I don’t know the answers to these questions, nor do I pretend to have creative solutions to any higher education-related issues (equestrian-oriented or otherwise). What I do know after over a decade of work within these two complex industries is that making the transition from high school to college (and from high school riding career to college equestrian team) is hard. In fact, in recent years, it’s only gotten harder. More requirements by schools, additional testing opportunities, and reduced financial aid awards with increased student debt loads have complicated college admissions while the breadth and scope of available opportunities in the saddle have made the intercollegiate equestrian world far more complex than it was when Bob Cacchione founded the IHSA in 1967.

It takes a savvy student with good support to navigate the waters successfully, no matter their background.

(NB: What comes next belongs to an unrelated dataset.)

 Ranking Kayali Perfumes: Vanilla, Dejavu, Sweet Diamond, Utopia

And I suppose that’s what I want your takeaway from this post to be, readers – I want you to understand that there are a lot of ways for you to connect with both colleges and college riding coaches. Some are expensive and some cost only time and effort. You can ride in the new NCEA Junior Hunt Seat Medal or the U.S. Pony Club Championships, the Maclay or the IEA, the All-American Quarter Horse Congress or your local 4-H show. You can choose not to compete during your high school years and still have a robust and wonderful college riding career.

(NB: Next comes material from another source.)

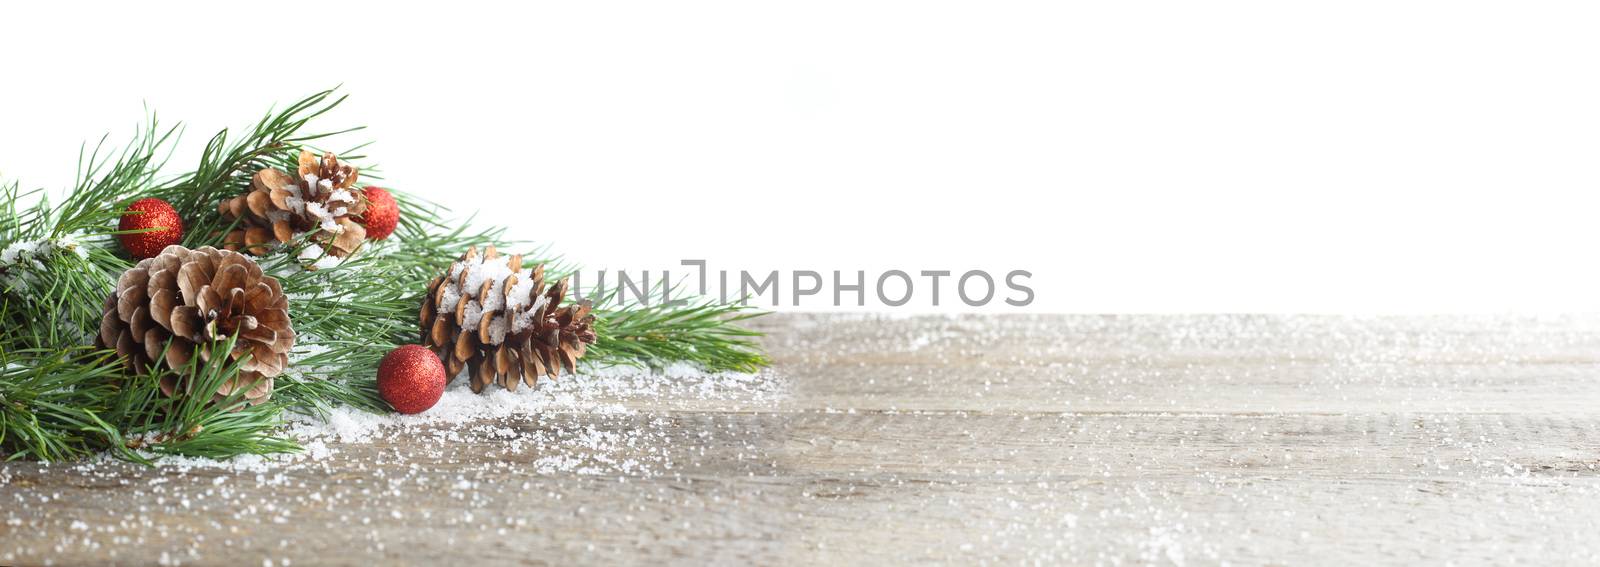 Pine cone and branch by destillat

You can go to a large, urban public high school, a small, private rural one, or anything in between and get into a good school as long as you have a strong academic record. You can work with an educational consultant or your school counselor or you can do all of the research and application process yourself.

The most important thing to know is that you are in control of your own college process and you will make the best decisions for your own future. And that’s something that I don’t think is said enough, especially as our media-saturated culture steeps everyone in the idea that success is only attained through prestige and that prestige is only attained through financial expenditure. The value of one’s time and energy is often left out of such equations but can lead to an outcome that is just as good – and often far more meaningful.

So spend a lot or spend a little in your college search. Go to a lot of horse shows or go to a few. As long as you work hard, get solid grades in a challenging high school curriculum, and put in the necessary time and effort to become an educated college consumer, you’ll be just fine. (And remember, when you get to college, there will be ponies!)